この治療では臓器の機能をできるだけ温存した方法を行っています。
(1)前立腺癌
年々、日本でも増加傾向であり、男性の癌の約10%を占めるといわれています。
早期発見を心掛けていますが、当院では根治手術にも尽力しています。
まず、前立腺癌を発見する為には、「前立腺針生検」という検査を行います。脊椎麻酔で行いますので、痛みもなく受けていただけます。
手術による治療については、昨年は前立腺全摘術を93件行い、入院期間は2週間あまりという実績を備えています。

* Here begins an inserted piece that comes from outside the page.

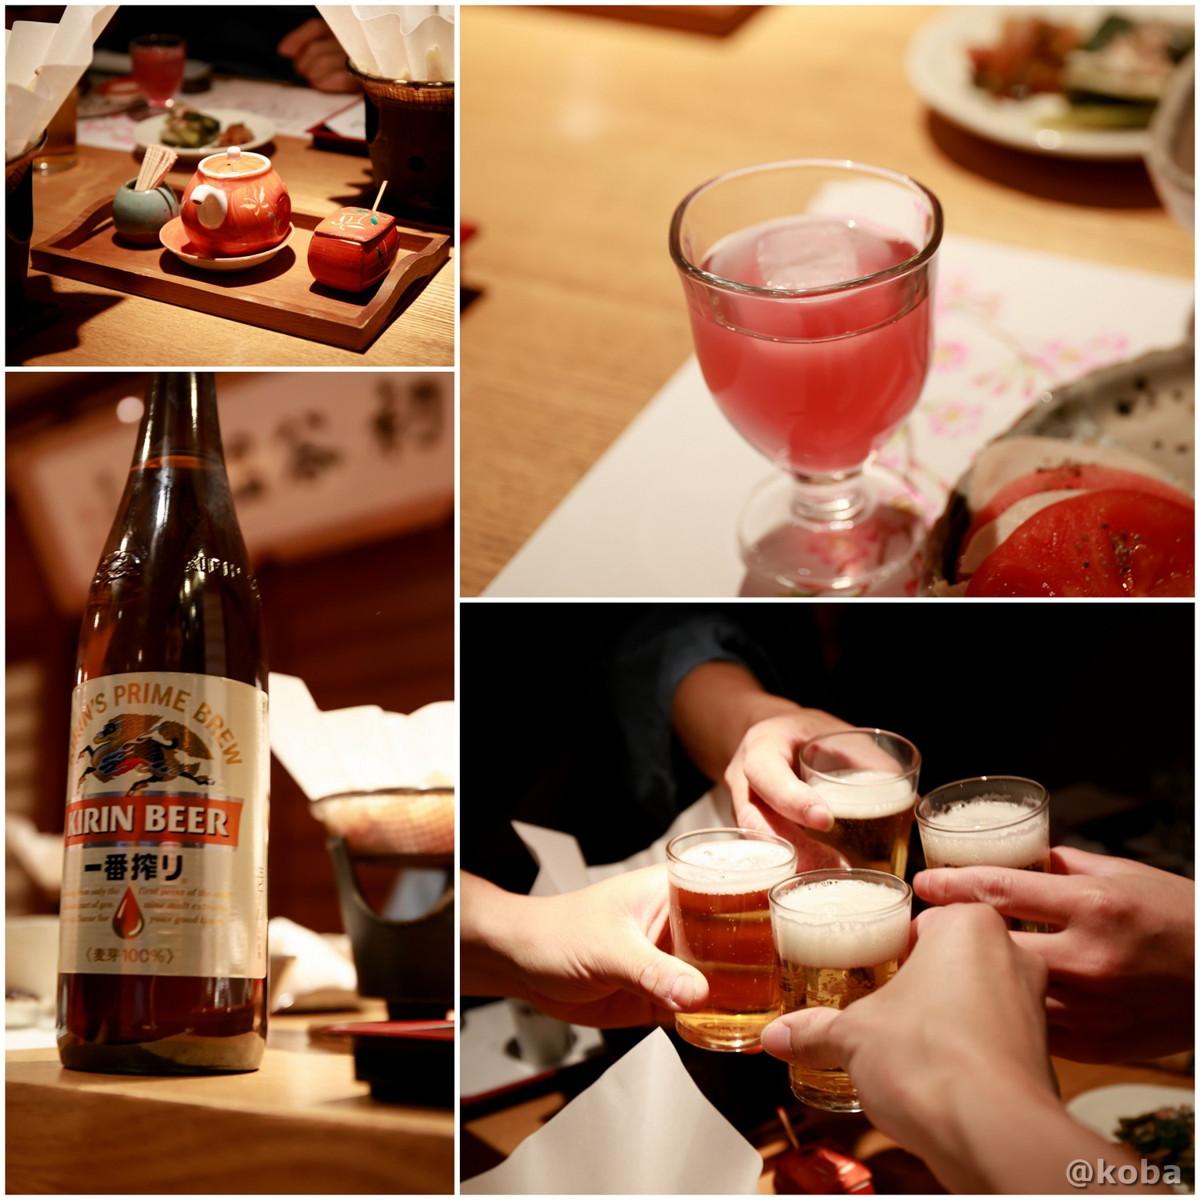 キリン一番搾り瓶ビール・食前酒 巨峰酒の写真|内山峠 初谷温泉(うちやまとうげ しょやおんせん)|長野県佐久市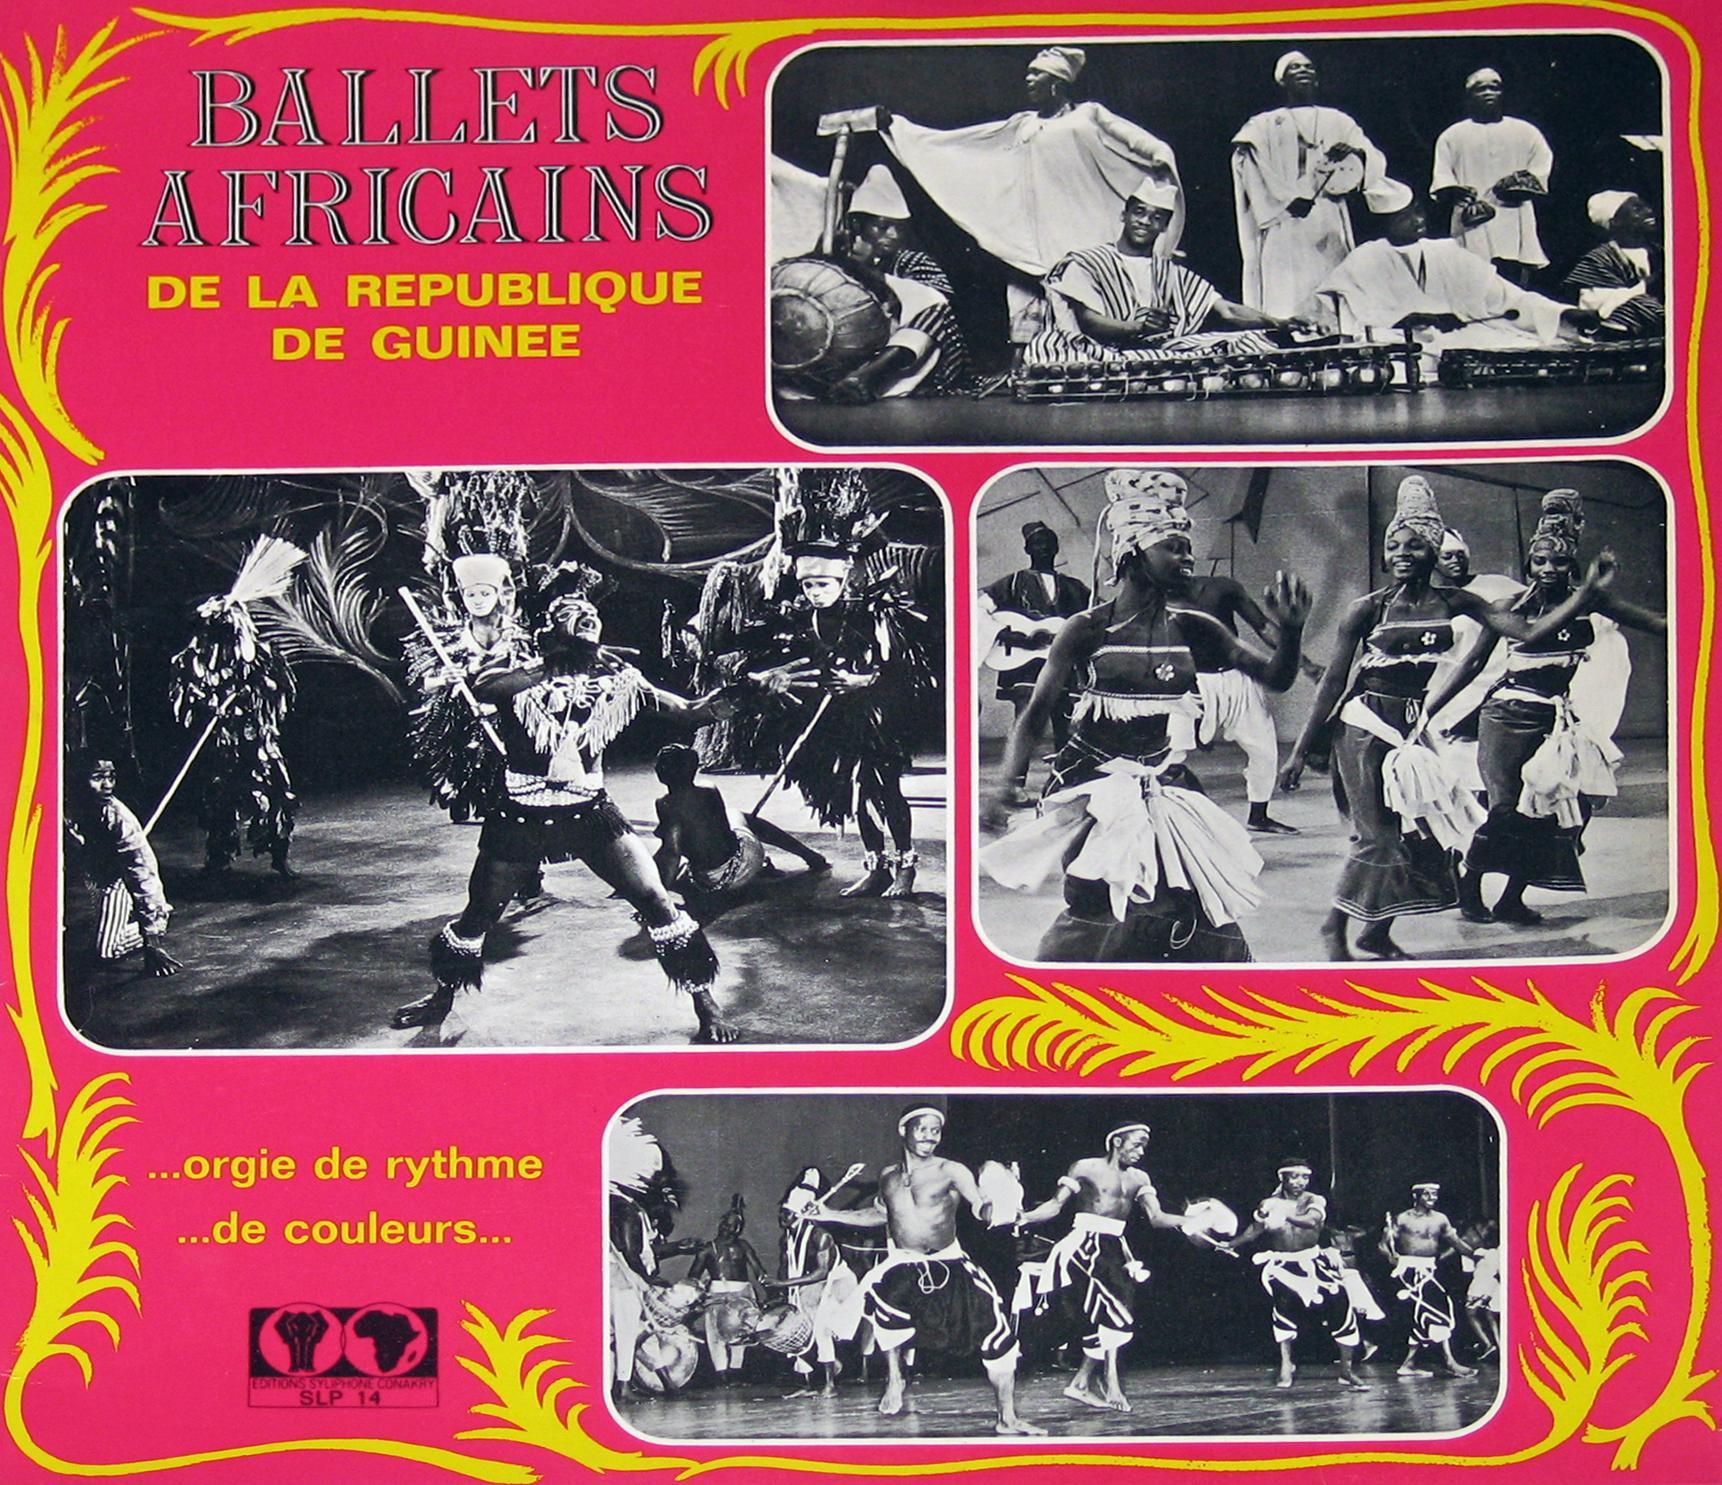 Ballets Africains de la République de Guinée

最近では従来の開放手術と腹腔鏡手術の良いところを合わせた”腹腔鏡下小切開手術”を行っています。傷も小さく術後の疼痛も軽くなっています。
(2)膀胱癌
浸潤癌でも可能であれば膀胱温存を目指した治療を行っています。そのため経尿道的切除術が106件に対し、膀胱全摘術は3件と他の病院より全摘の比率はかなり少なくなっています。尿路変更は回腸代用膀胱、回腸導管、尿管皮膚瘻を行っています。
一般的には膀胱全摘を勧められる癌でも、放射線と抗がん剤の組み合わせにより、膀胱を残すことができるケースはかなりあります。
(3)腎癌
腎癌に関しても、臓器の温存を目指しており、昨年の腎癌の手術件数の約半数を腫瘍だけを摘出し腎機能を温存する核出術を行っています。輸血はほとんど必要なく、入院期間は2週間前後です。
(1)前立腺肥大症
手術法に関しては、すべての前立腺肥大症に内視鏡による経尿道的前立腺切除術を行っており、開腹手術はありません。また輸血が必要になることはありません。
(2)尿管結石
(3)腎移植
当院の腎センターならびに大阪大学泌尿器科の移植チームと協力して腎移植に取り組んでいます。
(4)尿失禁
根治手術のほか骨盤底筋の電気刺激による失禁治療装置も備えています。